I want to make a loop on row numbers of a partitions in dataframe to check conditions and create extra columns depending on the result of current row_number.
So, i have a dataframe representing contacts with master id <-> raw id association (a master can have multiple raws). I partionned this dataframe with window function and a row_number() over a partition of most recent created raws :
# Create a window specification to define the partitionning of masters
# base on the most recent created
window_spec = Window \
.partitionBy(raw_df.master_id) \
.orderBy(raw_df.created.desc())
# Create a dataframe with a row number for each partition to process
# raws grouped with their master from the most recent to the least
partionned_df = raw_df \
.select(
fields + [
F.row_number().over(window_spec).alias('row_nb')
]
) \
.orderBy(['master_id', 'row_nb'])
This is my dataframe :
partionned_df.show()
+------+---+---------------+---------+------------+-------------+------+
|master|raw| created|last_name|mobile_phone|norm_civility|row_nb|
+------+---+---------------+---------+------------+-------------+------+
| 1| 3|02-05 11:22:...| null| 641203047| null| 1|
| 1| 5|02-05 11:22:...| null| null| monsieur| 2|
| 1| 6|02-05 11:22:...| null| null| null| 3|
| 1| 1|02-05 10:29:...| name1| null| mr| 4|
| 3| 11|02-05 11:26:...| null| null| monsieur| 1|
| 3| 4|02-05 10:30:...| null| 630254175| null| 2|
| 5| 15|02-05 11:35:...| null| null| null| 1|
| 5| 13|02-05 11:35:...| null| null| null| 2|
| 5| 14|02-05 11:33:...| name3 | null| monsieur| 3|
| 5| 7|02-05 11:22:...| null| null| null| 4|
+---+------+---------------+---------+------------+-------------+------+
What i want is to create a new dataframe with only distinct masters and new columns after iterated on the row_number of each partition and execute some conditions (like if first_name is not null, etc..) and if the conditions are not verified on the first row_nb of the partition, check the other one etc until i looped every row number of the partition.

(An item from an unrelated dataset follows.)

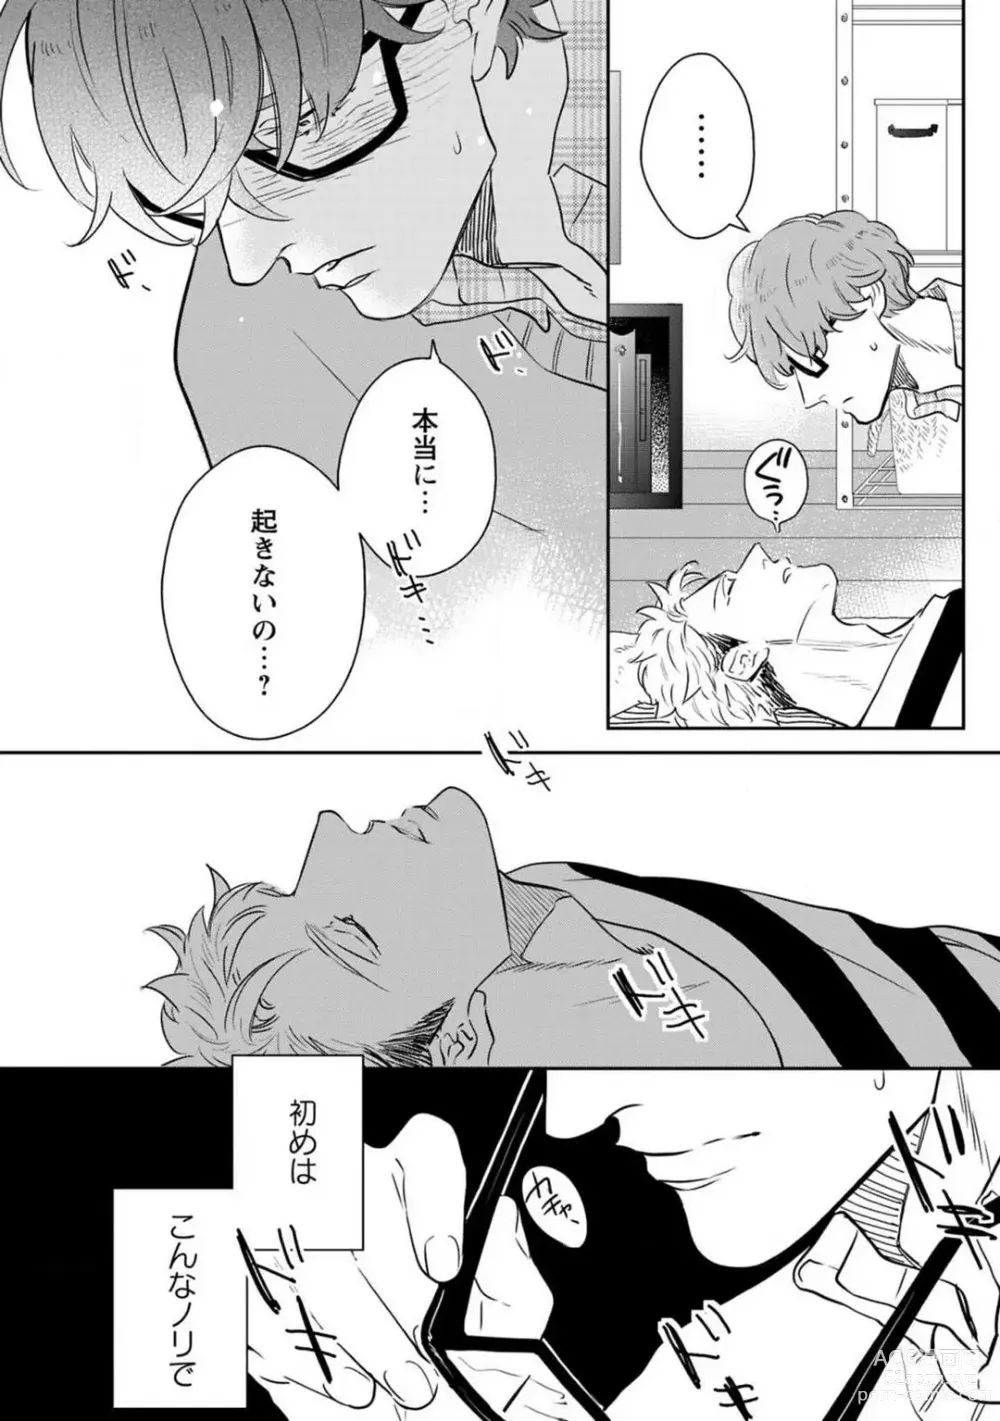 Page 9 of manga Kimi no Shiranai xx

The final dataframe i want is something like :
+------+---------+------------+-------------+
|master|last_name|mobile_phone|norm_civility|
+------+---------+------------+-------------+
| 1| name1| 641203047| monsieur |
| 3| null| 630254175| monsieur |
| 5| name3| null| monsieur |
+------+---------+------------+-------------+
Thank you very much for your help by advance.